The resulting documentary - "Two Towns of Jasper," airing on PBS's P.O.V. series on Jan. 22 - is compelling, not because its underlying subject is new, sadly, but because its viewpoint is.
The film grew out of a realization by the two filmmakers that just as their reactions had been different to the murder - one was surprised by it, the other was not - that the crime offered an opportunity to highlight how differently black and white Americans experience the world.
By offering insight into how each group talked among themselves about the same event, the duo hoped to help improve communication about race.
"Marco and I have been friends for a long time, and have sort of felt there was no language to discuss race anymore in any sort of constructive way," says Whitney Dow, the white documentarian, in a phone interview. "We thought perhaps if we created something where people didn't talk across race, but had the opportunity to sort of look in and listen to what the other group felt, that it might be a more effective way of communicating."
Fueling the experiment was the 1998 murder of James Byrd Jr. in Jasper, Texas (pop. 7,000). Mr. Byrd was chained to a pickup truck and dragged to his death by three white men, at least two of whom had ties to white supremacist movements.
"I was instantly drawn to the crime," says Mr. Dow. "It reminded me of something about America that you kind of hope was more in the past. It was a murder that had all these hallmarks of a traditional, if you can use that word, lynching."
When Dow heard about it, he went to Jasper to see the racial battle that was playing out there. He also called his longtime friend Marco Williams, an experienced filmmaker, who didn't share his friend's amazement.

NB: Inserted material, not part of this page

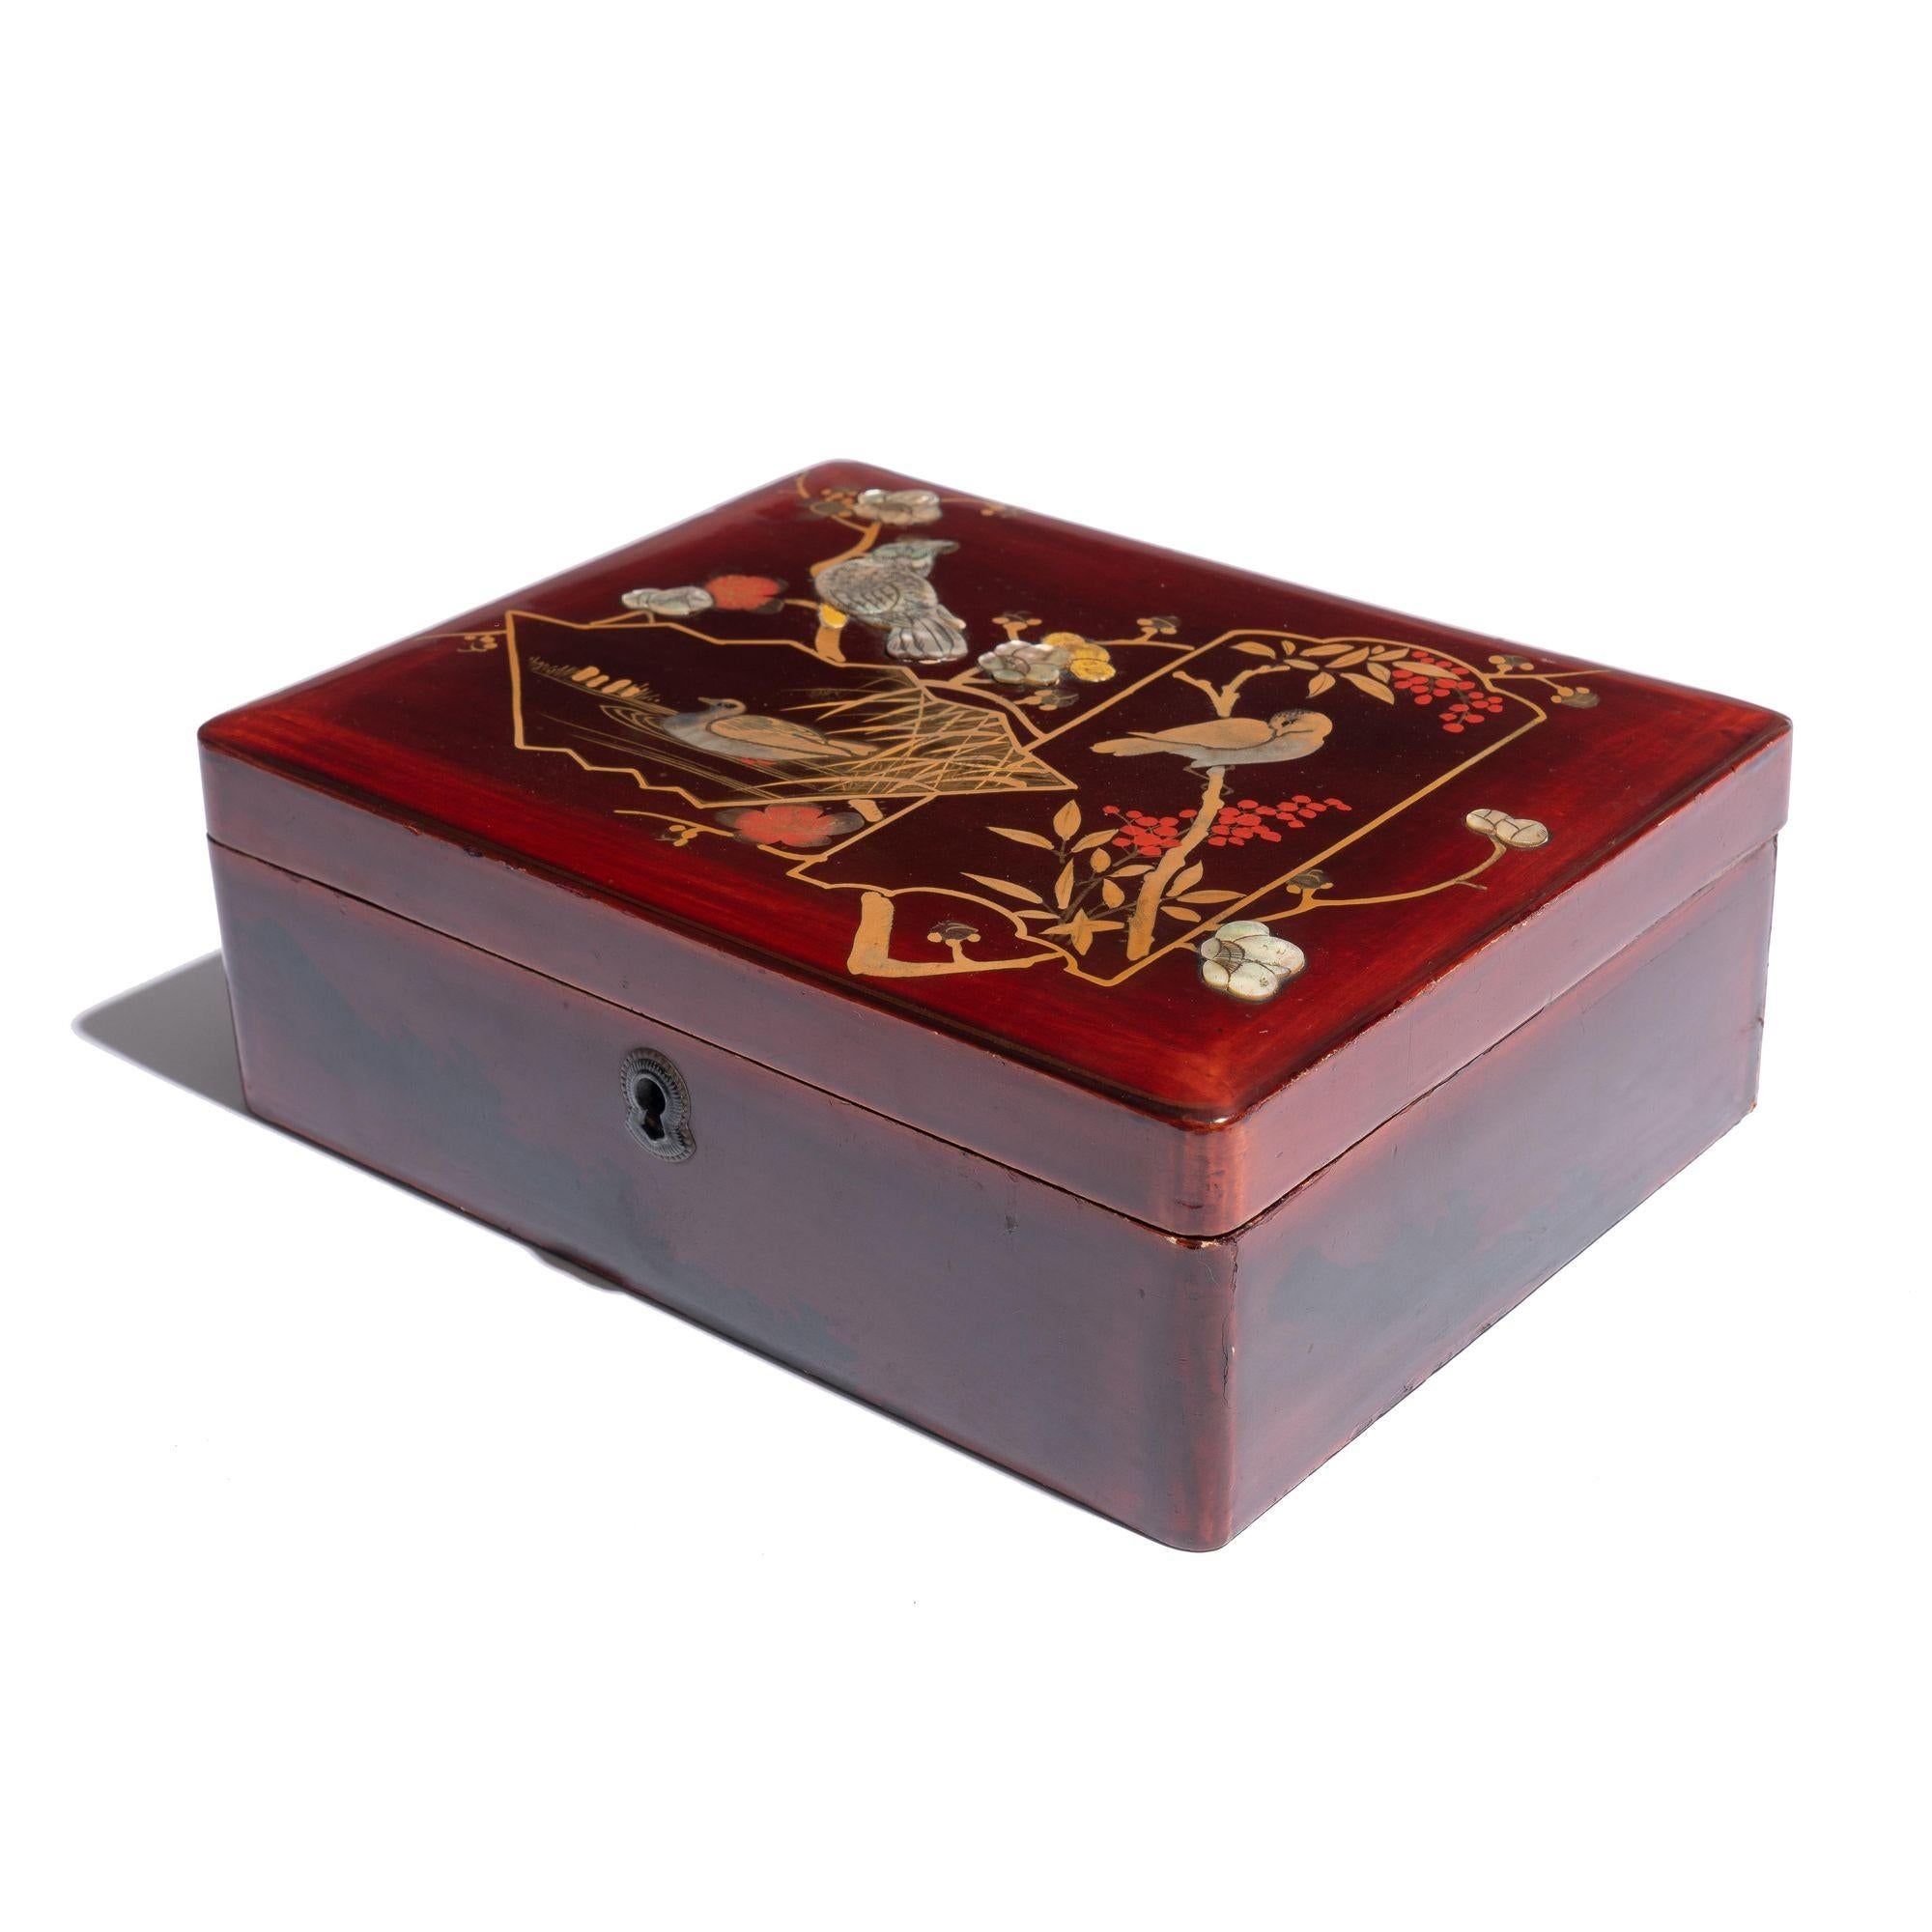 Antique Japanese Lacquered, Enameled, and Inlaid Box With Hinged Lid, c. 1800's For Sale 4

"I said, 'You know, Whitney, it's a terrible thing, I haven't really been following it. But I'm neither shocked nor surprised, because it's not the first time in America that a black man has been brutally murdered by whites," he says.
The two men spent 100 days in Jasper, each working with "segregated" crew members and exclusively interviewing residents of his own race. In order that the town not find out they were working together, Dow and Williams avoided contact. They stayed at separate hotels and would occasionally hold cellphone conversations standing next to each other on the courthouse lawn.
Williams says that task was easy for him - the town was so racially divided that he almost never encountered white people.